High levels of graduate debt in England may soon deter many poorer students from attending university, Jeremy Corbyn has warned.
In a speech to the British Chambers of Commerce, the Labour leader said that the country could soon face a “shortage” of undergraduates because young people would be put off by graduate debts that will “last a lifetime”.
Highlighting an Institute for Fiscal Studies report published on 5 July that said poorer graduates face overall debts of £57,000 after leaving university, Mr Corbyn said that this debt burden “risk[s] deterring working-class students, meaning talent wasted and potential untapped”.
“Not everybody can access the Bank of Mum and Dad to go to university,” Mr Corbyn told representatives of business leaders on 6 July.
“Our plans for a high-skilled, high productivity economy rely on a large graduate workforce and that means no one should be discouraged from going to university because of debt."
Laying out plans to invest £5.6 billion in a “national education service” by increasing corporation tax to 26 per cent, Mr Corbyn said that it was unfair that graduates should be saddled with such high debts.

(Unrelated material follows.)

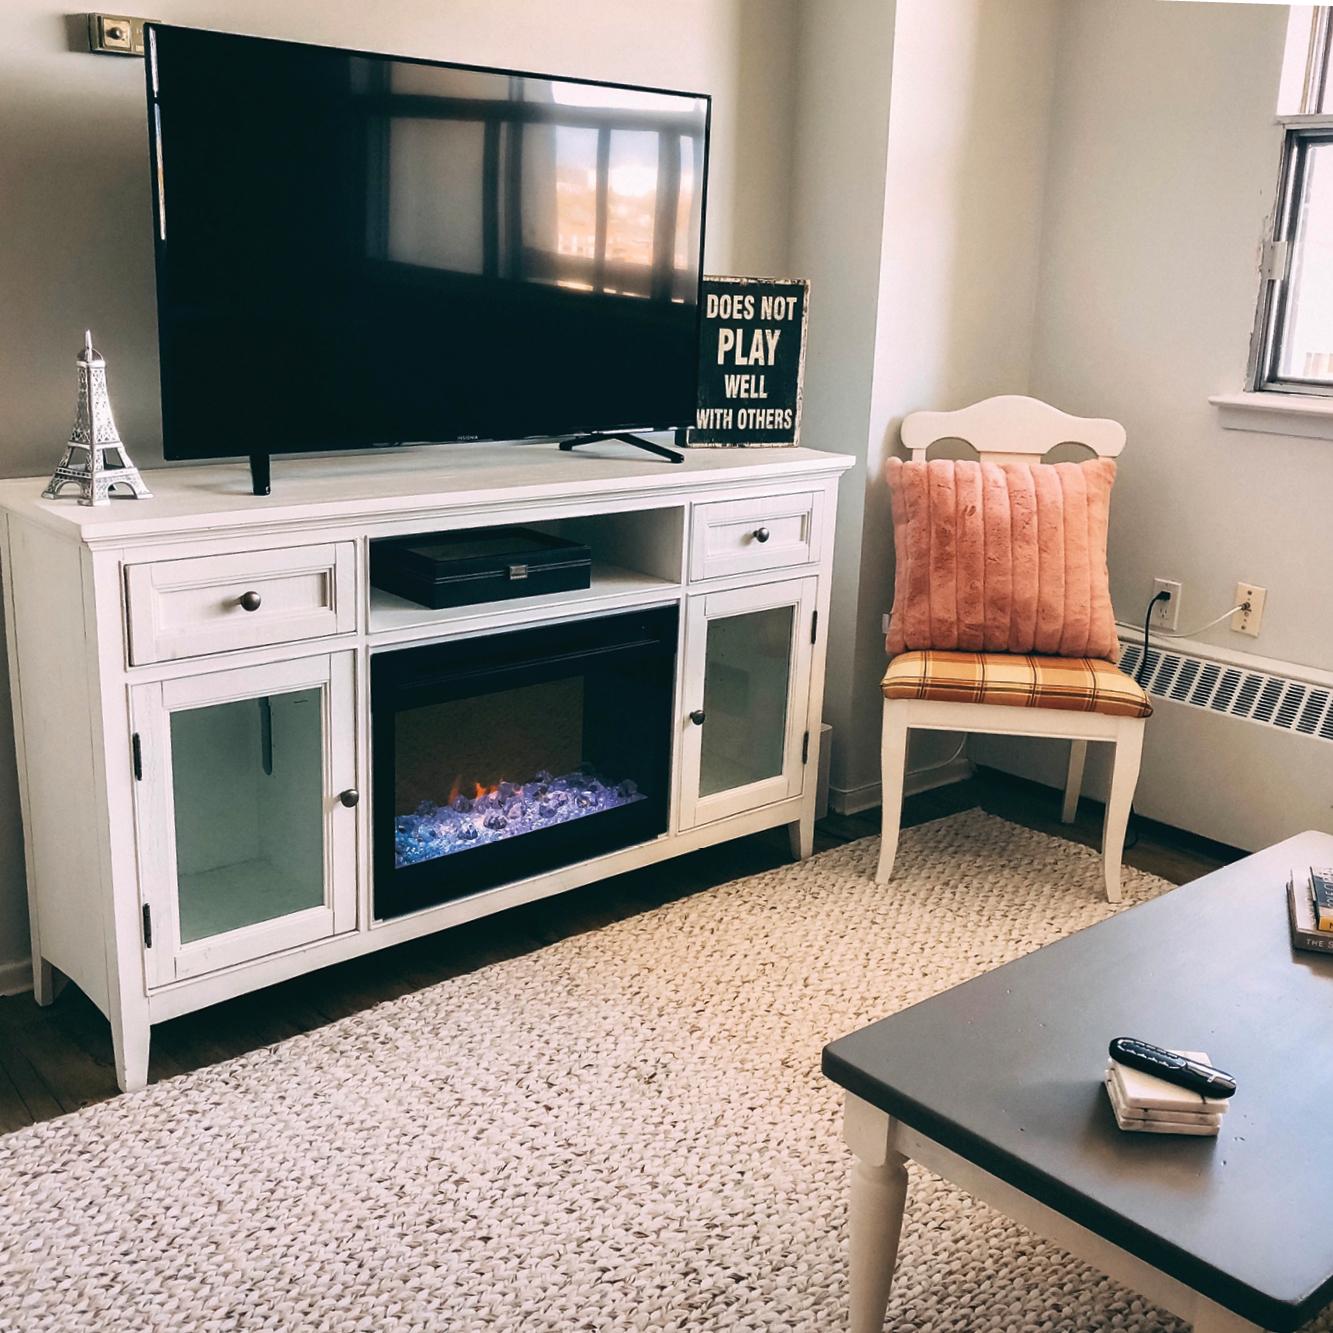 Transform a Boring Apartment into a Relaxing Home
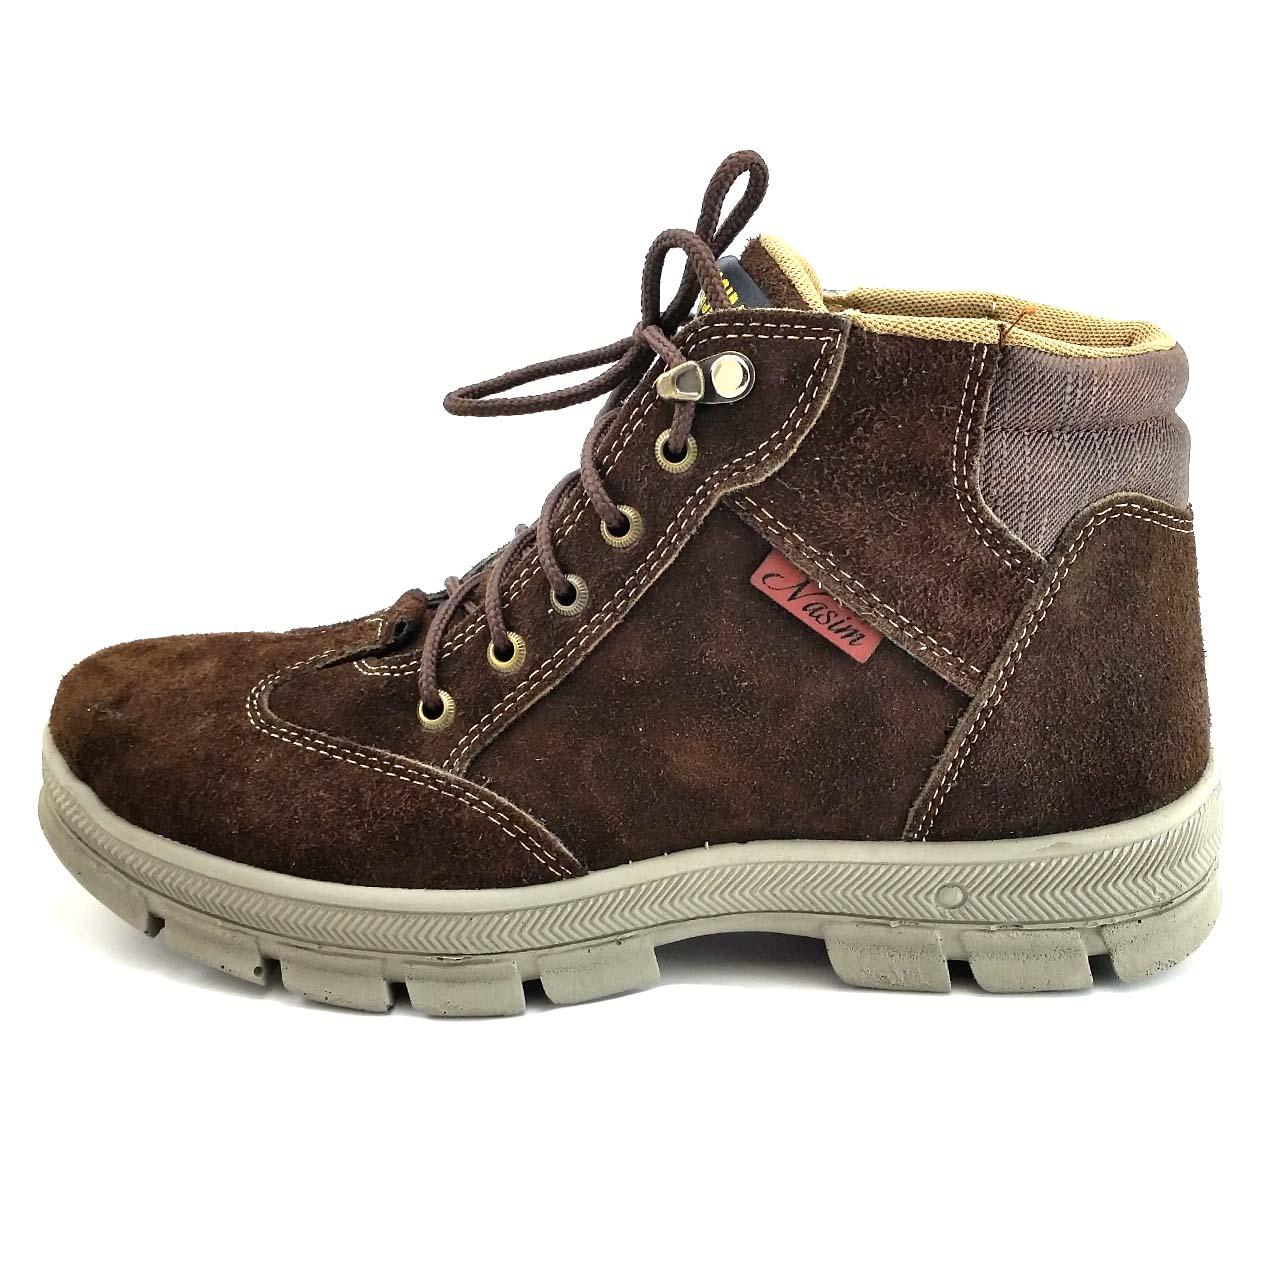 خرید اینترنتی                     کفش کوهنوردی مردانه نسیم مدل میلان کد 3030

“We cannot go on with people getting £50,000 or £60,000 in debt,” he said, adding that “there will be a shortage of people going to university because they cannot countenance the idea of that much debt”.
In his address, Mr Corbyn highlighted Labour’s manifesto promise to scrap tuition fees at a cost of £11 billion a year, which is credited with the surge in Labour’s support in June’s general election. Labour, said Mr Corbyn, was “not just an opposition but a government-in-waiting”.
The popularity of this promise has prompted one Cabinet minister, Damian Green, to suggest the need for a “national debate” about tuition fees, saying that student debt was a “huge issue” for the Conservative government. Jo Johnson, the universities minister, has defended the student loans system as “fair”, but has refused to be drawn on whether loan interest rates, which will rise to 6.1 per cent in September, will be reviewed.
Speaking to Times Higher Education, Mr Corbyn said that he believed a national debate about tuition fees would recognise that they “act as a deterrent”.
Asked why he felt the current student finance system was putting off students despite near-record full-time undergraduate enrolments in 2016-17, he said: “Look at the number who are dropping out and their income levels.
“Look at the hardship that many families are going through, having to remortgage their homes to pay for their [children’s] education – somewhere along the line these debts start to stack up.”
Mr Corbyn’s comments, however, were dismissed by Vince Cable, the Liberal Democrat MP for Twickenham, who was in charge of higher education as business secretary from 2010 to 2015.
“What the leader of the opposition is proposing is incredibly popular, but it is foolish and dangerous,” Mr Cable told business leaders. “The problem is how the hell else do you fund universities, which are expensive institutions to run,” he said, adding that the country is in a “dangerous place about funding”.
Scrapping university tuition fees was also unfair on the 60 per cent of young people who do not attend higher education, Mr Cable added.
“There is an enormous clamour to provide big, big subsidies to relieve a well-off part of the population who go to university and it will be at the expense of the 60 per cent who do not,” he said.